In this section, we describe the algorithm, which generates the output schema in

form of an XML Schema definition from an XSLT stylesheet VXSLT. If VXSLT contains an XSLT instruction <xsl:copy-of>, which copies XML nodes of the input XML document, then our output schema generator requires the XML Schema definition of the input XML document. We present the algorithm of the output schema generator in the following attribute grammar. Note that the chosen attribute grammar covers many XSLT stylesheets. If we consider the XSLT stylesheets of the XSLTMark benchmark [ 6 ], then we can determine the output schemas of 37 from 39 XSLT stylesheets of the XSLTMark benchmark. One of the remaining XSLT stylesheets, the output schema of which we cannot determine with the proposed attribute grammar for the determination of the output schema, contains element declarations the names of which depend on the input XML document. Another remaining XSLT stylesheet does not start with <xsl:stylesheet>.

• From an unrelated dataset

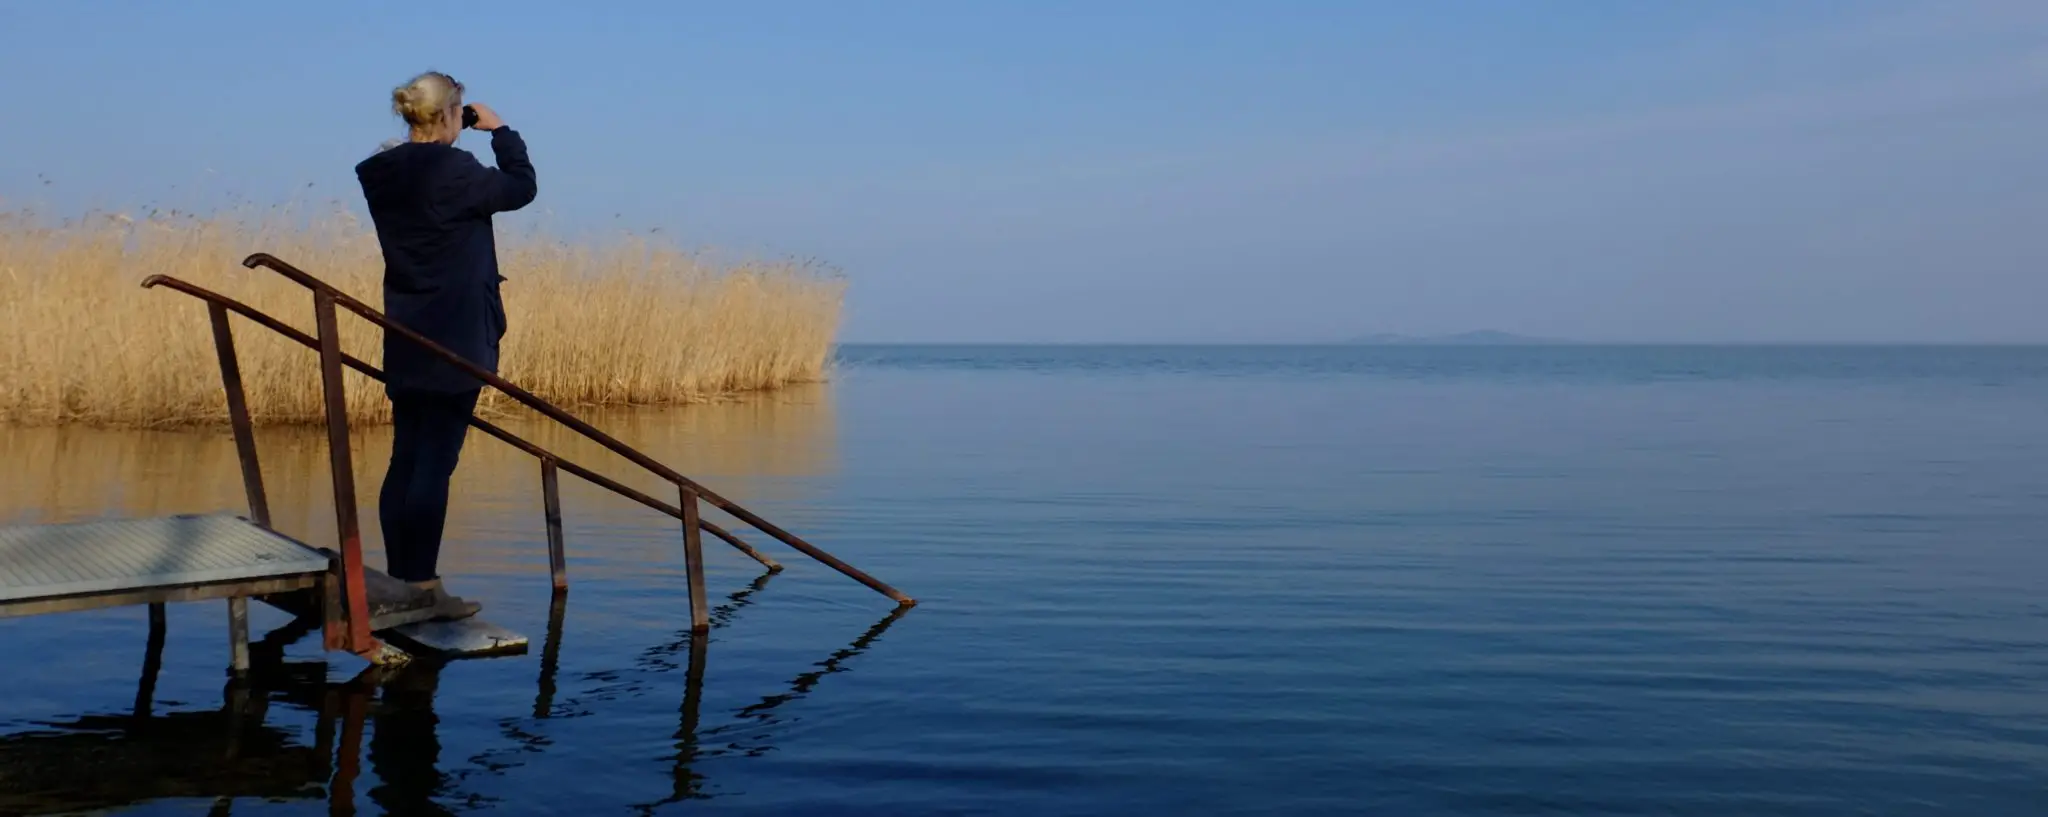 Birdwatching at Lake Balaton

The Start symbol is applied to the root node of the abstract syntax tree of the

considered XSLT stylesheet. After evaluating the attribute grammar to the abstract syntax tree, the schema attribute of the Start symbol contains the determined output schema of the considered XSLT stylesheet.

Start ::= "<?xml version='1.0'?> <xsl:stylesheet>" (attributeSet|decimalFormat)* startTemplate (template)* "</xsl:xsl:stylesheet>". { Start.schema = createXMLDocument( "<xsd:schema xmlns:xsd=’http://www.w3.org/2001/XMLSchema’>" + startTemplate.schema + template[ 1 ].schema + … + template[i].schema+"</xsd:schema>");}

The name of the template is used as name of a group construct that contains the

schema information of the currently considered template. We will refer to this group construct whenever this template could be called. As the startTemplate symbol represents the initial template with which the processing of the XSLT stylesheet starts, we use the schema of this template as root nodes of the whole output schema and register the group containing the schema of the initial template by a function rootNodesGroup. Note that if no template matches the document node “/”, we have to consider the built-in template of XSLT that matches the document node “/”. The function generateNewUniqueName() returns a new unique name in order to be able to refer to the schema of the template. startTemplate ::= "<xsl:template match='/' (name='" String "'")? ">" Instructions "</xsl:template>". {if(String occurs) nameString = String.getString(); else nameString = generateNewUniqueName(); startTemplate.schema = createXMLFragment( "<xsd:group name=’" + nameString + "’>" + Instructions.schema + "</xsd:group>"); template.attributes = Instructions.attributes; template.name = String.getString(); rootNodesGroup(String.getString());} template ::= "<xsl:template match='" XPath "'" (name='" String "'")? ">" Instructions "</xsl:template>". {if(String occurs) nameString = String.getString(); else nameString = generateNewUniqueName(); template.schema = createXMLFragment("<xsd:group name=’" + nameString + "’>"+ Instructions.schema + "</xsd:group>"); template.name = String.getString(); template.attributes = Instructions.attributes;}

We concatenate the schemas of several instructions in a sequence. Furthermore, we

check whether the content of the instructions is fixed and store the fixed value in Instructions.fixed in this case.

Instructions ::= (applyTemplates | forEach | copyOf | copy | variable | choose | if | text | element | attribute | valueOf | callTemplate | attributeSet | decimalFormat)*. {if(only one text symbol is recognized)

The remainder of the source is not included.